United States District Court, D. Colorado

January 2, 2015

JAME ROGER DUNCAN, Plaintiff,
v.
JOHN W. HICKENLOOPER, governor, RICK RAEMISCH, executive director, WARDEN MILYARD, WARDEN FALK, and CASE MANAGER LUECK, Defendants.

ORDER

ROBERT E. BLACKBURN, District Judge.

The matter before me is plaintiff's Objection to Judge Blackburn Order Adopting Recommendation of the United States Magistrate Judge [#73], [1] filed December 31, 2014. I construe the objection as a motion for reconsideration, but deny the relief thus requested.

Because plaintiff is proceeding pro se, I have construed his pleadings more liberally and held them to a less stringent standard than formal pleadings drafted by lawyers. See Erickson v. Pardus, 551 U.S. 89, 94, 127 S.Ct. 2197, 2200, 167 L.Ed.2d 1081 (2007); Andrews v. Heaton, 483 F.3d 1070, 1076 (10th Cir. 2007); Hall v. Bellmon, 935 F.2d 1106, 1110 (10th Cir. 1991) (citing Haines v. Kerner, 404 U.S. 519, 520-21, 92 S.Ct. 594, 595-96, 30 L.Ed.2d 652 (1972)). Nevertheless, the bases for granting reconsideration are extremely limited:

Grounds warranting a motion to reconsider include (1) an intervening change in the controlling law, (2) new evidence previously unavailable, and (3) the need to correct clear error or prevent manifest injustice. Thus, a motion for reconsideration is appropriate where the court has misapprehended the facts, a party's position, or the controlling law. It is not appropriate to revisit issues already addressed or advance arguments that could have been raised in prior briefing.

Servants of the Paraclete v. Does, 204 F.3d 1005, 1012 (10th Cir. 2000) (citations omitted).

Nothing in plaintiff's latest submission implicates any of these bases for reconsidering a prior order of the court. Instead, plaintiff principally appears to be confused by the magistrate judge's discussion of the Eleventh Amendment issues implicated by the possibility that plaintiff intended to assert official capacity claims, claims which plaintiff insists he did not intend to raise. At worst, this argument makes that much of the magistrate judge's recommendation (and so much of my concomitant order which adopted it) moot.[2]

Nothing else in plaintiff's motion suggests any basis - let alone any legally cognizable or proper basis - for reconsideration of my prior order.

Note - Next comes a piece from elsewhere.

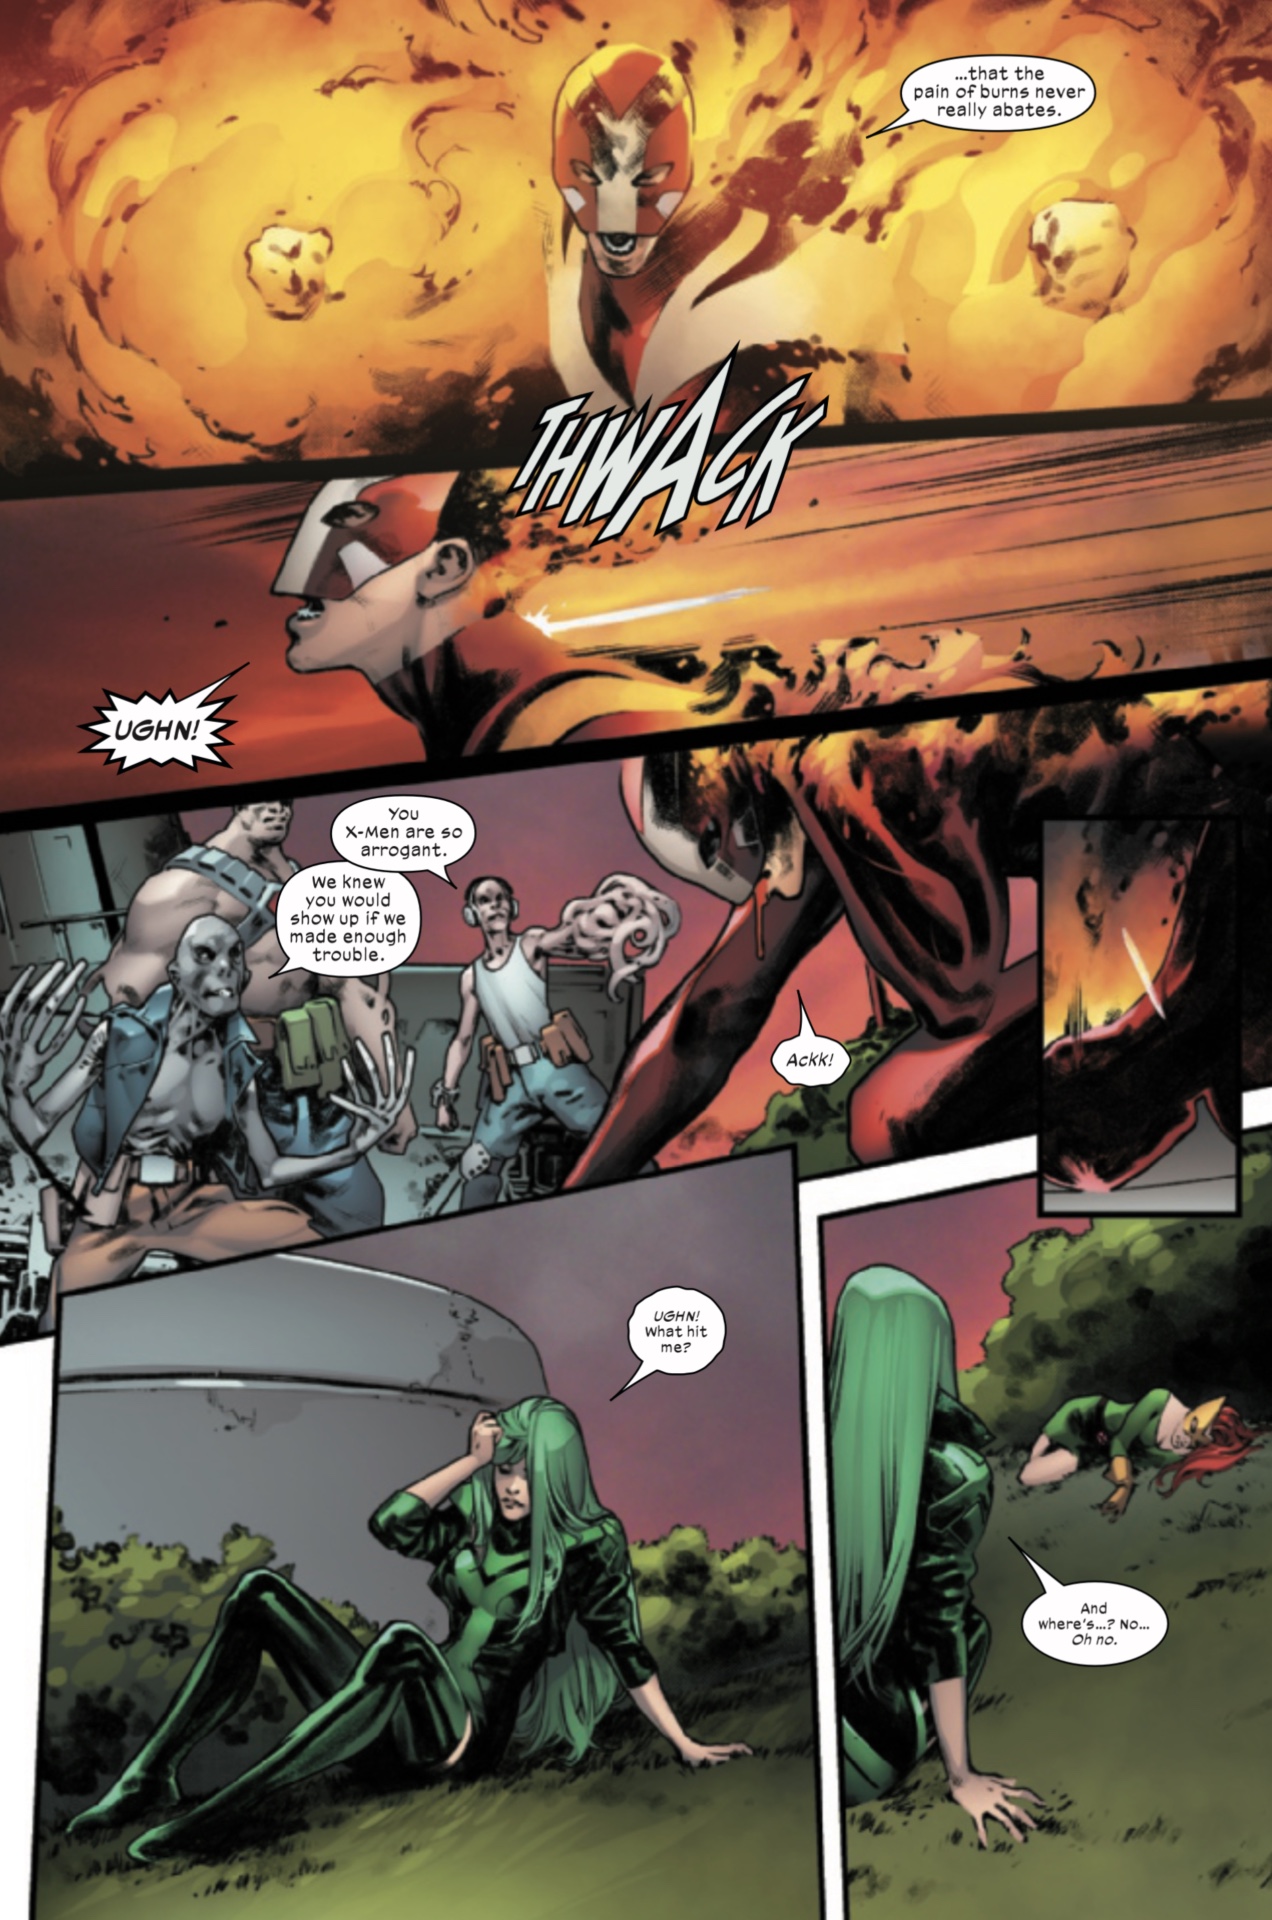 X-Men #5 ön izleme sayfası
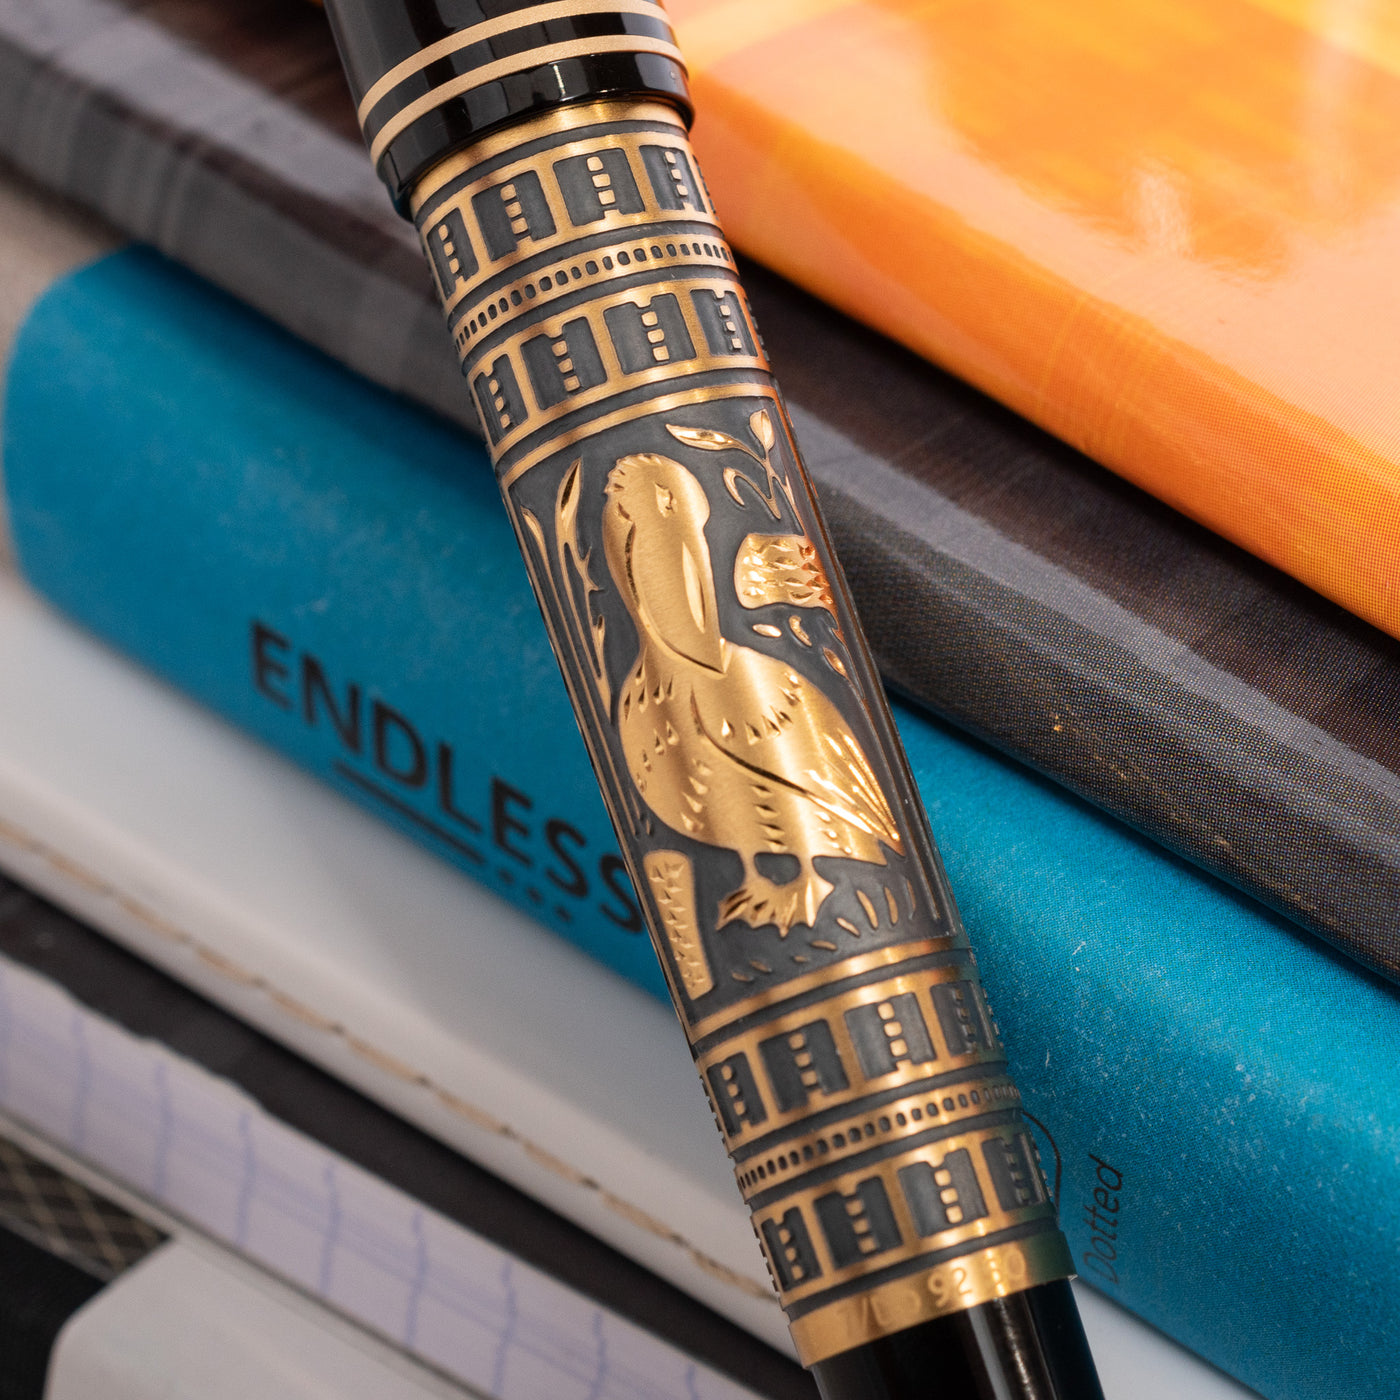 Pelikan Souveran M700 Special Edition Toledo Fountain Pen Hand Engraving

While plaintiff's asserted lack of knowledge of the law entitles him to a degree of leeway, it does not permit him to pursue claims for which he can allege no facts sufficient to make out plausible legal claims.

THEREFORE, IT IS plaintiff's Objection to Judge Blackburn Order Adopting Recommendation of the United States Magistrate Judge [#73], filed December 31, 2014, construed as a motion to reconsider, is DENIED.